O poder sobre si mesmo envolve coersão e disciplina, como eu disse. Combater outras vontades: vontades ditadas por nossa insulina, pela propaganda da indústria alimentícia e de consumo em geral e a vontade de outras pessoas que se expressa dentro de nós. Criar sistemas arbitrários de prioridades e comportamentos, segundo aquilo que acreditamos, e impô-los.
O poder sobre si mesmo é a única forma de poder positivamente relacionada com a saúde integral – corpo e mente. Naturalmente, na condição de miséria socio-econômica, ninguém consegue desenvolver poder sobre si mesmo porque faltam as condições mínimas para que o indivíduo desloque alguma atenção das tarefas da sobrevivência imediata. O poder sobre si mesmo requer auto-atenção.

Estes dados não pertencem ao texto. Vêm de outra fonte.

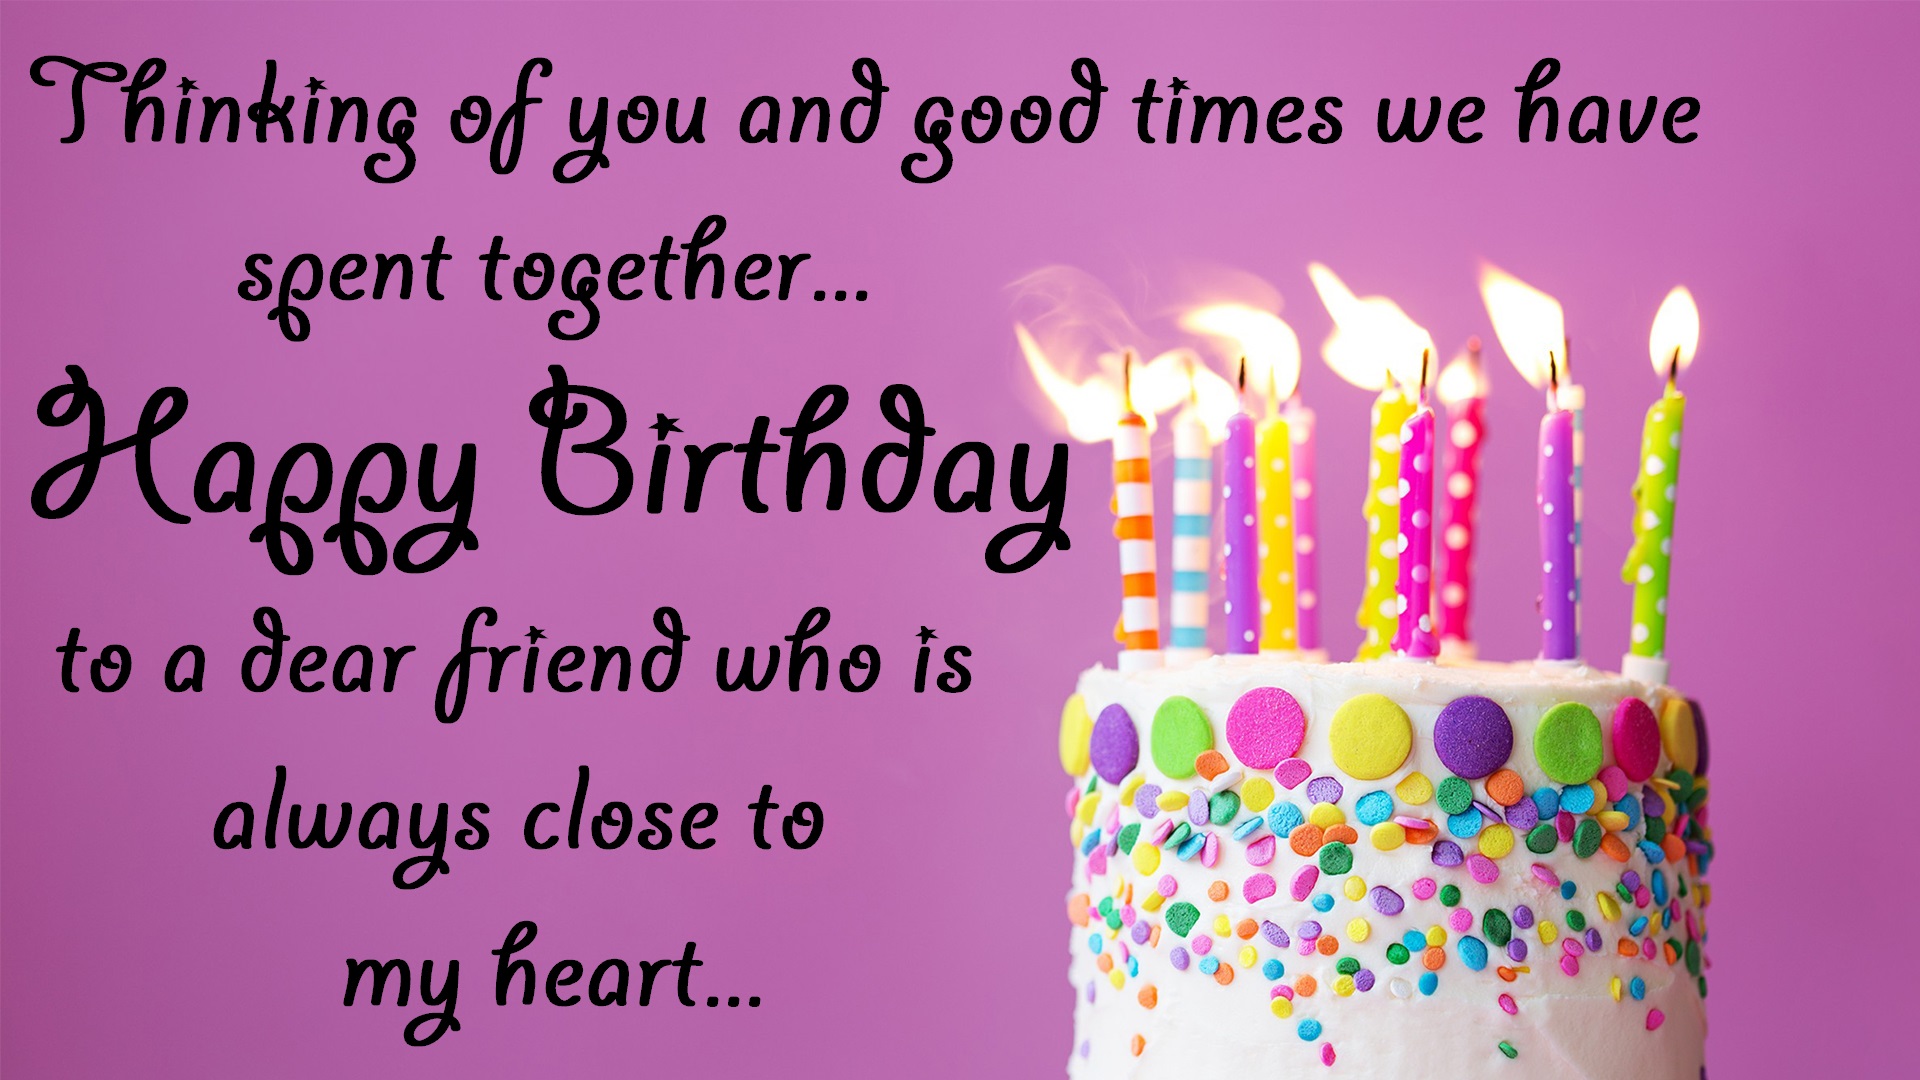 Happy Birthday Wishes For a Friend HD Images & Pictures free download
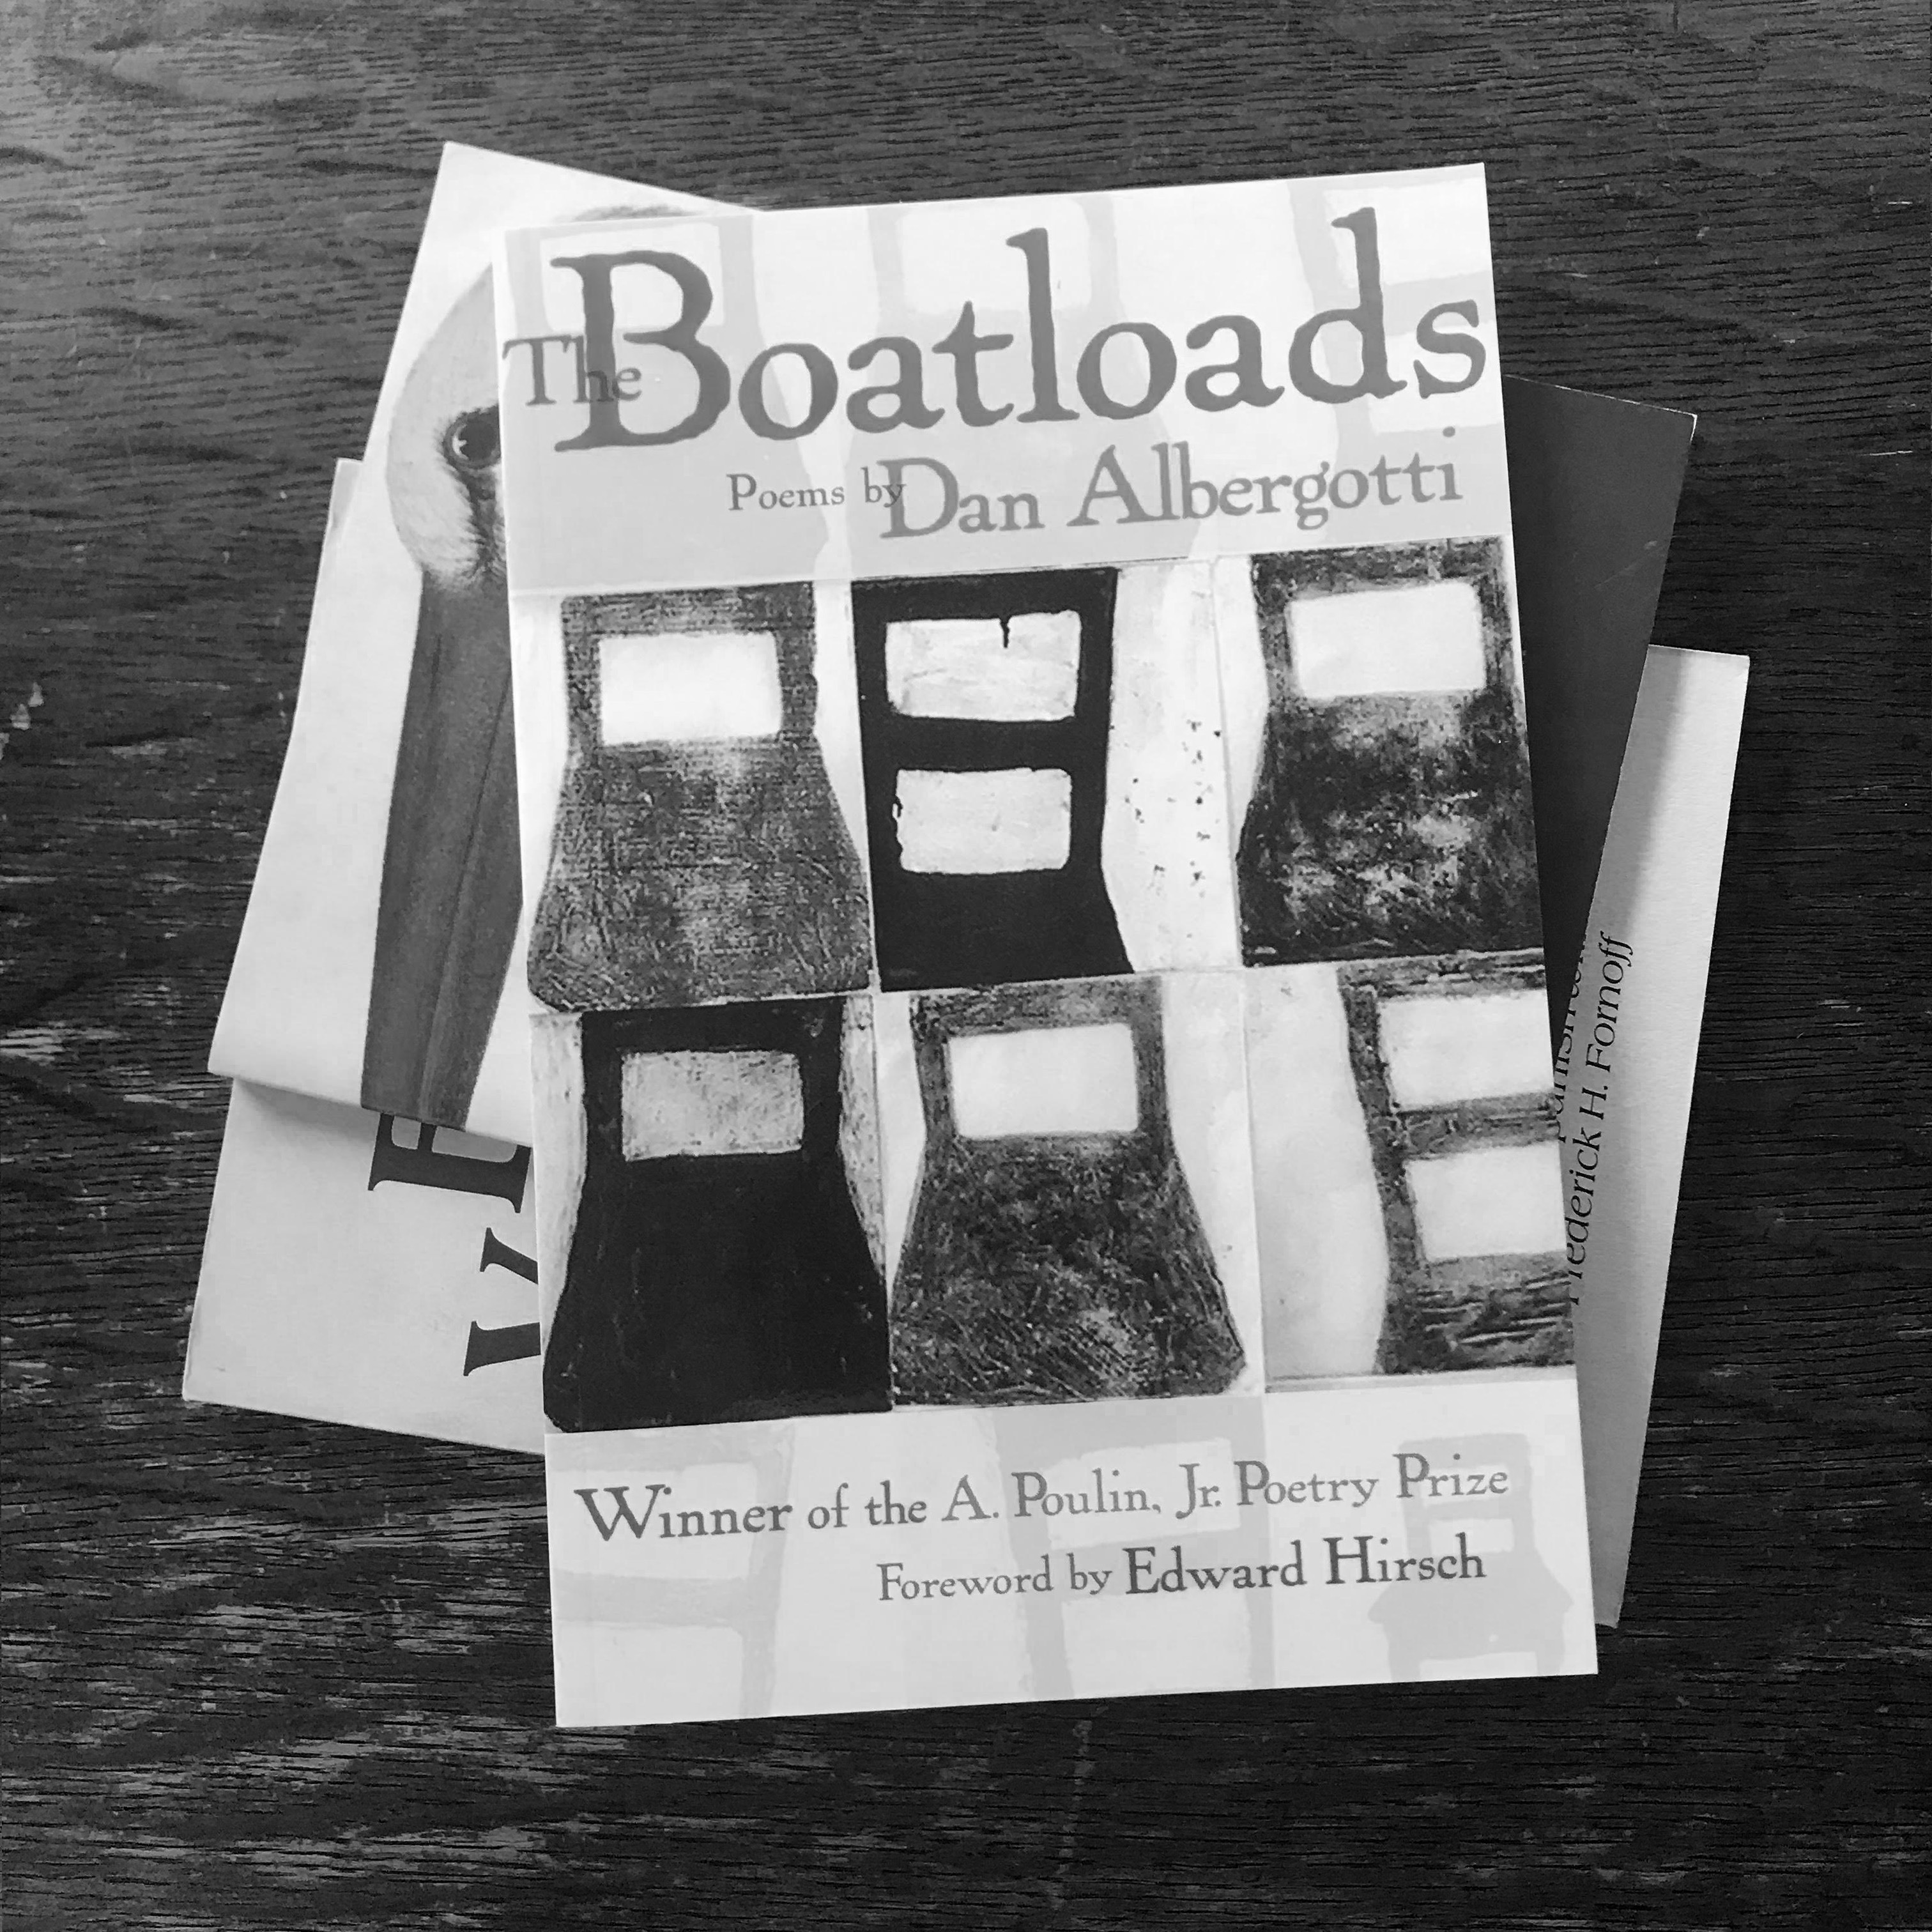 Poetry Review: The Boatloads Poems by Dan Albergotti

Cada pessoa acha seu caminho em direção ao aumento desse poder. Alguns desenvolvem técnicas de controle mental, como a meditação. Outros, como eu, buscam a disciplina do corpo e da mente através de atividade física e controle da alimentação. Não importa por onde se vá.
Hoje, não tenho dúvidas de que o único poder que importa é o poder que temos sobre nós mesmos.